The plaintiff ought to have filed the suit for recovery of possession within 12 years thereafter. Hence, the suit is hopelessly barred by the law of limitation. The suit should be dismissed with costs. 5. The learned trial Judge, framed the following issues:- “(i) Does the plaintiff have title to the suit property? (ii) Has the defendant prescribed title to the suit property by adverse possession? (iii) Is the plaintiff entitled the relief of declaration of title and recovery of possession? (iv) Is the plaintiff entitled to the relief of future prays? (v) To what else relief is the plaintiff entitled?” 6. The parties went for trial based on the above said issues. In the trial, 6 witnesses were examined and 14 documents were marked as Exs.A1 to A14 on the side of the plaintiff. On the side of the defendants, D.W.1 was examined as the sole witness and 40 documents were marked as Exs.B.1 to B40. A document produced by a witness came to be marked as Ex.X-1. 7. The learned trial Judge, at the conclusion of trial, heard the arguments and considered the evidence in the light of the points urged in the arguments. Upon such consideration, the learned trial Judge came to the conclusion that the suit property belonged to the plaintiff and that the defendants had not proved any of their contention that the suit was barred by limitation or that the second defendant had perfected title by adverse possession. Based on the said findings, the learned trial Judge held that the plaintiff was entitled to the relief of declaration as well as recovery of possession. However, the learned trial Judge, dismissed the suit in respect of the prayer for mesne profits from the date of plaint till the delivery of possession. The judgment of the trial Court was pronounced on 05.02.2007 and a decree was drafted based on the said judgment. 8. Challenging the said decree of the trial Court dated 05.02.2007, the defendants preferred an appeal on the file of the Principal District Judge, Pudukottai in A.S.No.37 of 2007. The learned Appellate Judge, after hearing, accepted the case of the defendants and rejected the case of the plaintiff with the result that the appeal was allowed, the decree of the trial Court was set aside and the suit was dismissed with costs.
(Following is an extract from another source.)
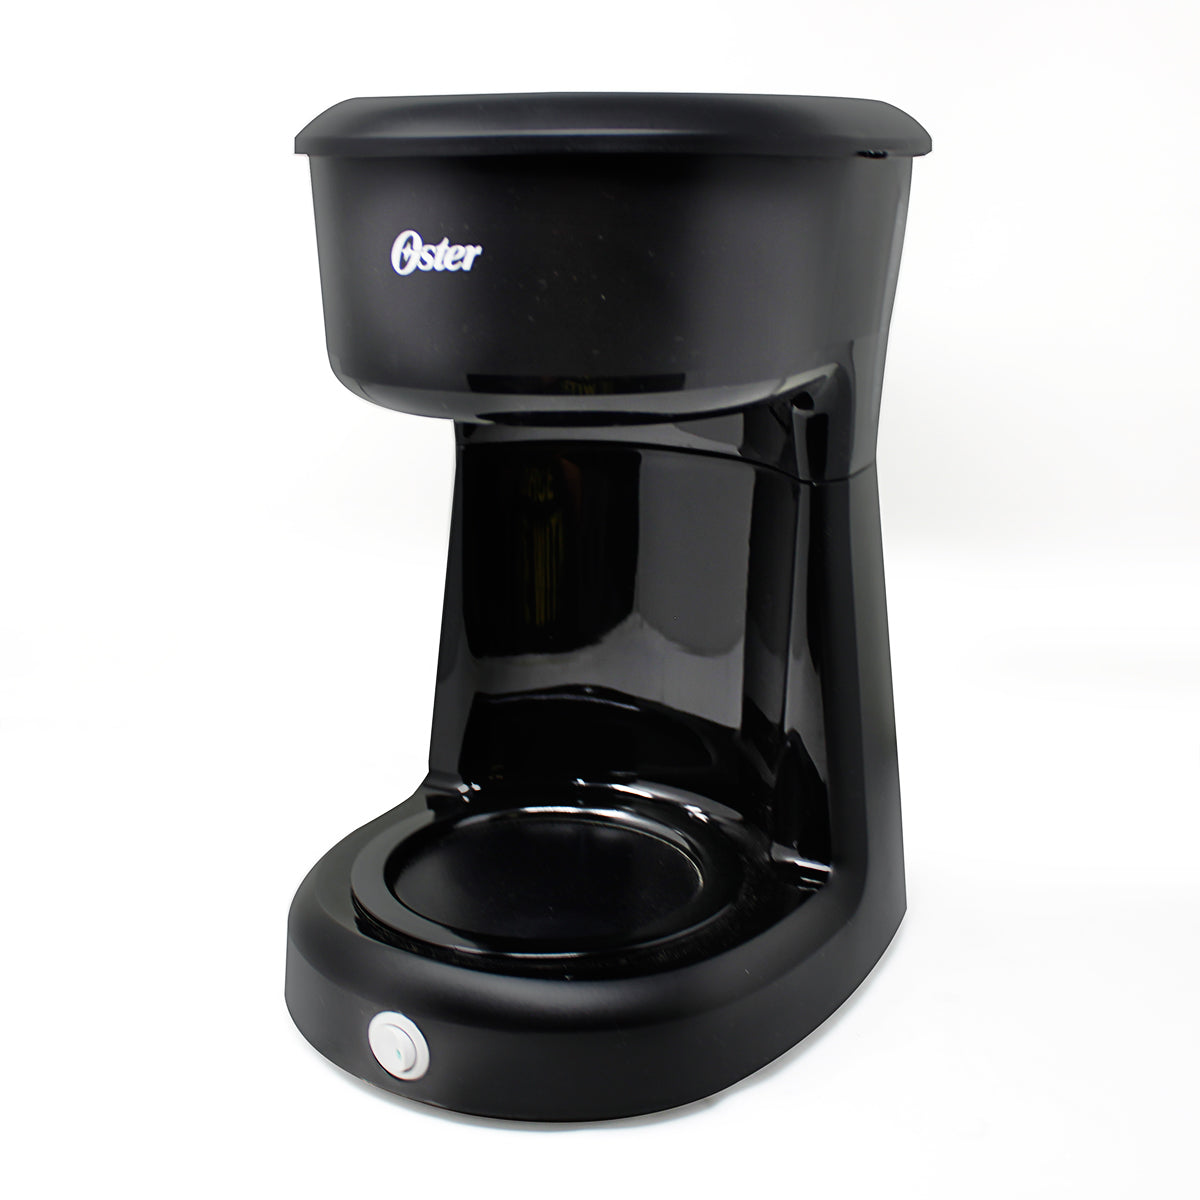 Cafetera Oster® de 12 tazas con filtro permanente BVSTDCS12B

The learned Appellate Judge, after hearing, accepted the case of the defendants and rejected the case of the plaintiff with the result that the appeal was allowed, the decree of the trial Court was set aside and the suit was dismissed with costs. The said decision was taken by the learned lower Appellate Judge on the basis that the present suit was barred by Order 2 Rule 2 CPC in view of the dismissal of the earlier Suit No. 495 of 1985 as withdrawn and that even though the said earlier suit was withdrawn under Order 23 Rule 1(3) C.P.C to file a fresh suit on the same cause of action, the second suit, having been filed with laches and after a lapse of 13 years from the date of dismissal of the earlier suit with such liberty, was hopelessly barred by limitation. As against the said judgment and decree of the lower Appellate Court dated 28.03.2008, the present Second Appeal has been filed. 9. The Second Appeal was admitted on 10.06.2009 identifying two questions to be the substantial questions of law involved in the Second Appeal. They are:- “(i) Is the conclusion arrived at by the lower Appellate Court that the appellant/plaintiff's suit is barred by law of limitation is opposed to pith and substance of the Indian Limitation Act, 1963 in general and the spirit behind Article 65 of the Limitation Act? (ii) Whether the finding of the lower Appellate Court that the appellant's suit is governed by Article 64 of the Indian Limitation Act, is in consequence of non consideration of evidence brought on record both oral and documentary over-looking the relief of declaration sought for vis-a-vis Ex.A.1 patta in favour of the appellant?” 10. The arguments advanced by Mr. R. Vijayakumar for Mr. N. Balakrishnan, learned counsel for the appellant and by Mr. S. Muthukrishnan, learned counsel for the respondent are heard. The materials available on records are also perused. 11. For the sake of convenience, the parties are referred to in accordance with their ranks in the trial Court and at appropriate places their ranks in the appeal shall also be indicated. 12. The plaintiff in the original suit is the appellant in the Second Appeal. The suit was filed for declaration of title, recovery of possession and mesne profits from the date of filing of the suit.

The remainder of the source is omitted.